Records from a dataset
<<<<
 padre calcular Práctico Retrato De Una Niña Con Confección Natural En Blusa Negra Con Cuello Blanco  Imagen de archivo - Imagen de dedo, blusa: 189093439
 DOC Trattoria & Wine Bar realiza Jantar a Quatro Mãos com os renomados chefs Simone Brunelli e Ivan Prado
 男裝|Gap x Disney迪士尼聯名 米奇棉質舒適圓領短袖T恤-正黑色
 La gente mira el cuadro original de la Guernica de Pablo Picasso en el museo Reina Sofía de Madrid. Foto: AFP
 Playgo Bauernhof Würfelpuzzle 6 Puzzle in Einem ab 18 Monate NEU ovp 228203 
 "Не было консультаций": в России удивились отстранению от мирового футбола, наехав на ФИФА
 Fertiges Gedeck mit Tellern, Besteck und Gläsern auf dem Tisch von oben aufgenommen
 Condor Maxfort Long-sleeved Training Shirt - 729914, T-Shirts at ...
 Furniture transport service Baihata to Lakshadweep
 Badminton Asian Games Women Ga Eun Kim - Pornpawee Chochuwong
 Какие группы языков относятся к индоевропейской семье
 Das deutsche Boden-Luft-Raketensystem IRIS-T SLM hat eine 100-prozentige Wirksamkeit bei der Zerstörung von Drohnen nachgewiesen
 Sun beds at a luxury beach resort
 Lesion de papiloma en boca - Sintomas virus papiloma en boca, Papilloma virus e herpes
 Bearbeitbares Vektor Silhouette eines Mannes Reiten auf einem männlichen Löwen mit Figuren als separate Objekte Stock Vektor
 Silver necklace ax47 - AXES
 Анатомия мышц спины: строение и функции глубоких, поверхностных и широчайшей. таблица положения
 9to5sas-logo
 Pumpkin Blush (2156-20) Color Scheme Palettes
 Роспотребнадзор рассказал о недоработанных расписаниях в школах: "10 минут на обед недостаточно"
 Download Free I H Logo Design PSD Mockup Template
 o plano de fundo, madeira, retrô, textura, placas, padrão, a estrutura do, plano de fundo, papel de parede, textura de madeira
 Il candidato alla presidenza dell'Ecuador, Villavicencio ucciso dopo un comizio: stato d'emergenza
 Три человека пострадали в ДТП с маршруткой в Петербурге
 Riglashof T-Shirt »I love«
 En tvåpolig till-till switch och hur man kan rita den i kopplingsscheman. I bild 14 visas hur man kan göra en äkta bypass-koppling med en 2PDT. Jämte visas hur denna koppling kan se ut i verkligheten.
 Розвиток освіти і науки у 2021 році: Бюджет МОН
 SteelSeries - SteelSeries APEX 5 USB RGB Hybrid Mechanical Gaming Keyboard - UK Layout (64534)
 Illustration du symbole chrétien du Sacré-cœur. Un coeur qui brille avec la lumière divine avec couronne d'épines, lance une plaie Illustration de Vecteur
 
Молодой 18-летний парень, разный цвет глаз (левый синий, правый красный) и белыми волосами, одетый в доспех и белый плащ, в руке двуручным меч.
>>>>
PROBLEM REQUIREMENTS
Return all the lines shown above, precisely as they stand.

RESULT
 padre calcular Práctico Retrato De Una Niña Con Confección Natural En Blusa Negra Con Cuello Blanco  Imagen de archivo - Imagen de dedo, blusa: 189093439
 DOC Trattoria & Wine Bar realiza Jantar a Quatro Mãos com os renomados chefs Simone Brunelli e Ivan Prado
 男裝|Gap x Disney迪士尼聯名 米奇棉質舒適圓領短袖T恤-正黑色
 La gente mira el cuadro original de la Guernica de Pablo Picasso en el museo Reina Sofía de Madrid. Foto: AFP
 Playgo Bauernhof Würfelpuzzle 6 Puzzle in Einem ab 18 Monate NEU ovp 228203 
 "Не было консультаций": в России удивились отстранению от мирового футбола, наехав на ФИФА
 Fertiges Gedeck mit Tellern, Besteck und Gläsern auf dem Tisch von oben aufgenommen
 Condor Maxfort Long-sleeved Training Shirt - 729914, T-Shirts at ...
 Furniture transport service Baihata to Lakshadweep
 Badminton Asian Games Women Ga Eun Kim - Pornpawee Chochuwong
 Какие группы языков относятся к индоевропейской семье
 Das deutsche Boden-Luft-Raketensystem IRIS-T SLM hat eine 100-prozentige Wirksamkeit bei der Zerstörung von Drohnen nachgewiesen
 Sun beds at a luxury beach resort
 Lesion de papiloma en boca - Sintomas virus papiloma en boca, Papilloma virus e herpes
 Bearbeitbares Vektor Silhouette eines Mannes Reiten auf einem männlichen Löwen mit Figuren als separate Objekte Stock Vektor
 Silver necklace ax47 - AXES
 Анатомия мышц спины: строение и функции глубоких, поверхностных и широчайшей. таблица положения
 9to5sas-logo
 Pumpkin Blush (2156-20) Color Scheme Palettes
 Роспотребнадзор рассказал о недоработанных расписаниях в школах: "10 минут на обед недостаточно"
 Download Free I H Logo Design PSD Mockup Template
 o plano de fundo, madeira, retrô, textura, placas, padrão, a estrutura do, plano de fundo, papel de parede, textura de madeira
 Il candidato alla presidenza dell'Ecuador, Villavicencio ucciso dopo un comizio: stato d'emergenza
 Три человека пострадали в ДТП с маршруткой в Петербурге
 Riglashof T-Shirt »I love«
 En tvåpolig till-till switch och hur man kan rita den i kopplingsscheman. I bild 14 visas hur man kan göra en äkta bypass-koppling med en 2PDT. Jämte visas hur denna koppling kan se ut i verkligheten.
 Розвиток освіти і науки у 2021 році: Бюджет МОН
 SteelSeries - SteelSeries APEX 5 USB RGB Hybrid Mechanical Gaming Keyboard - UK Layout (64534)
 Illustration du symbole chrétien du Sacré-cœur. Un coeur qui brille avec la lumière divine avec couronne d'épines, lance une plaie Illustration de Vecteur
 
Молодой 18-летний парень, разный цвет глаз (левый синий, правый красный) и белыми волосами, одетый в доспех и белый плащ, в руке двуручным меч.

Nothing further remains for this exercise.